Here is a more detailed list of features with links to their documentation.

  • Aggregates: Define the structure of your domain by grouping related entities and enforcing consistency within their boundaries. They encapsulate both data and behavior, ensuring that all modifications occur through controlled operations.

  • Domain Events: Aggregates can produce and consume domain events, which signal meaningful changes in the system or trigger actions elsewhere. Exceptions are supported to be treated as domain events, allowing them to be enqueued and handled or raised as needed. This makes it trivial to implement features like early stopping (Just enqueue an exception and raise it when needed).

  • Registry: The registry module allows you to treat your models as entities by providing a way to calculate locally unique hashes for them that can act as their identifier. This module also provides several other utilities to help you handle the data from your domain.

  • Dependency Injection: The framework provides a robust dependency injection system that allows you to define and inject dependencies. This enables you to define your logic in terms of interfaces and inject implementations later.

  • Compilers: Building aggregates can be a complex process. In the context of deep learning, aggregates not only need to be built but also compiled, making compilation an integral part of the construction process.
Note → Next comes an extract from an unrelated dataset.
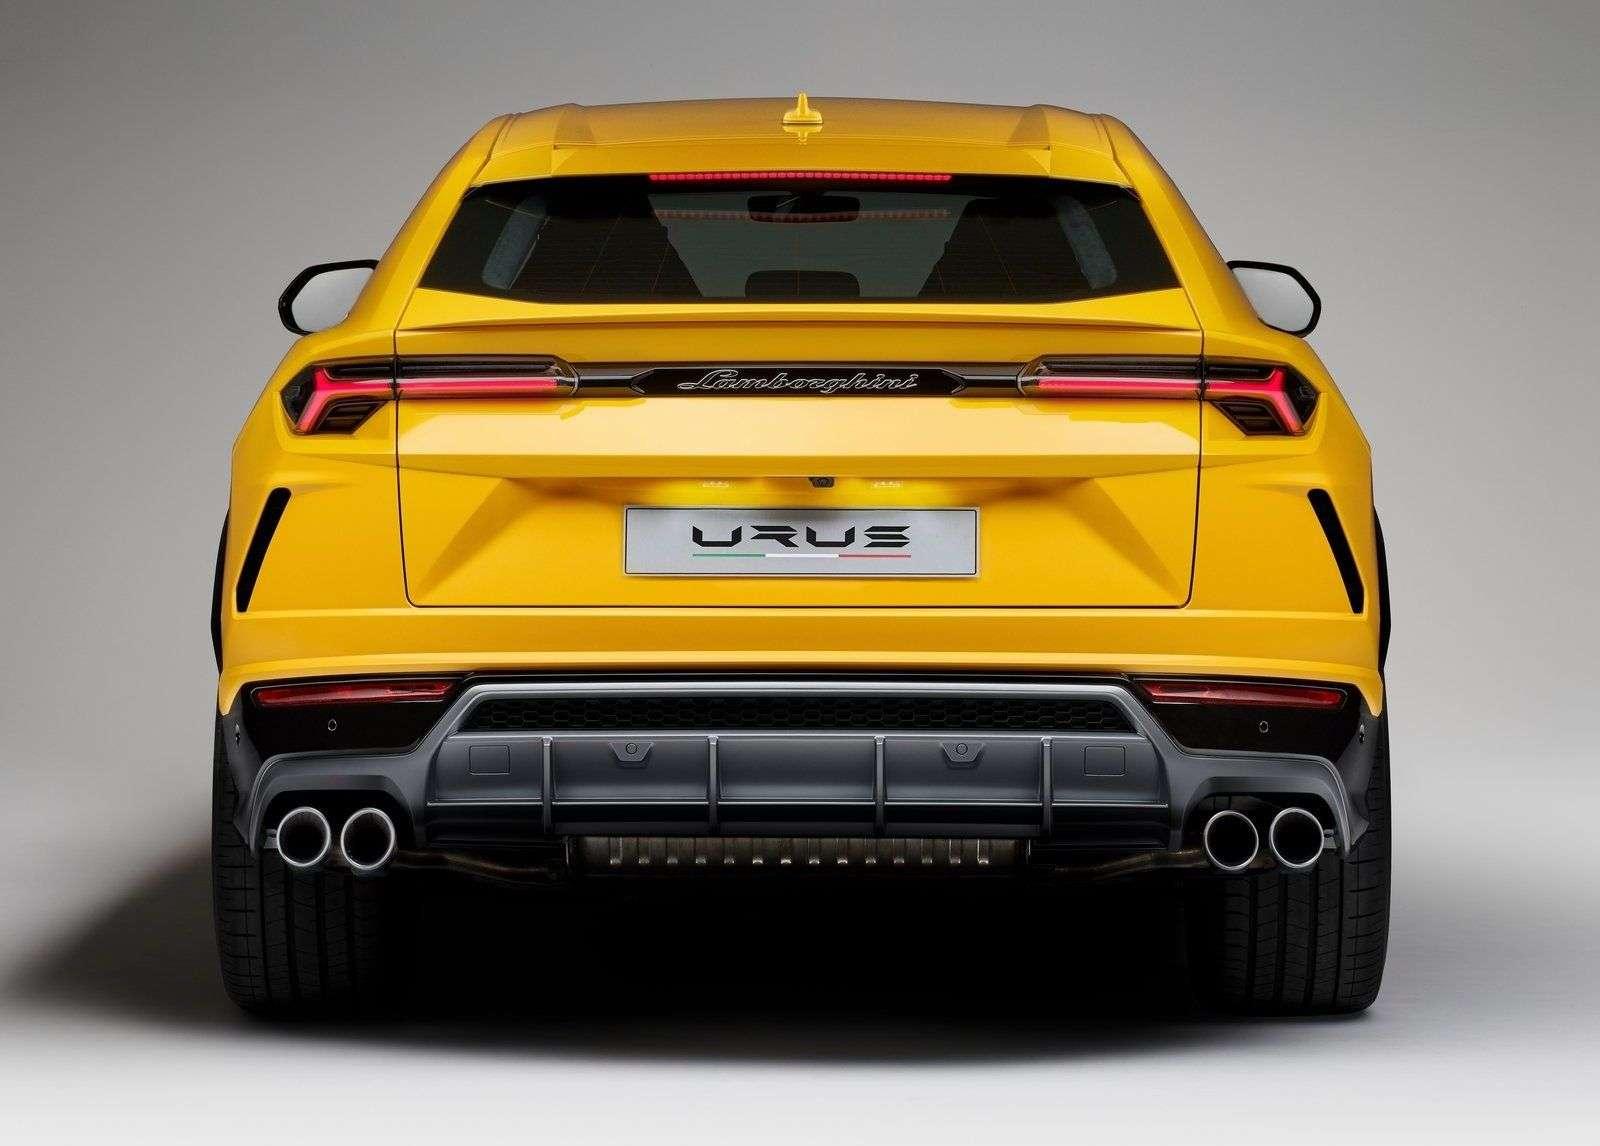 1512663017 zadnie stopy lamborghini urus 2019 - Обзор кроссовера Lamborghini Urus 2019

This framework provides a Compiler class to help define and manage the compilation process for your aggregates

  • Services: Define stateless operations that fulfill domain-specific tasks using ubiquitous language.

  • Producers/Consumers: Events produced by services can be delivered by producers to several consumers. This allows you to decouple services and define complex interactions between them.

  • Publisher/Subscriber: Data also can be delivered with the publisher/subscriber pattern. Publishers can send data to subscribers using a topic-based system.

License

This project is licensed under the MIT License - Use it as you wish in your projects.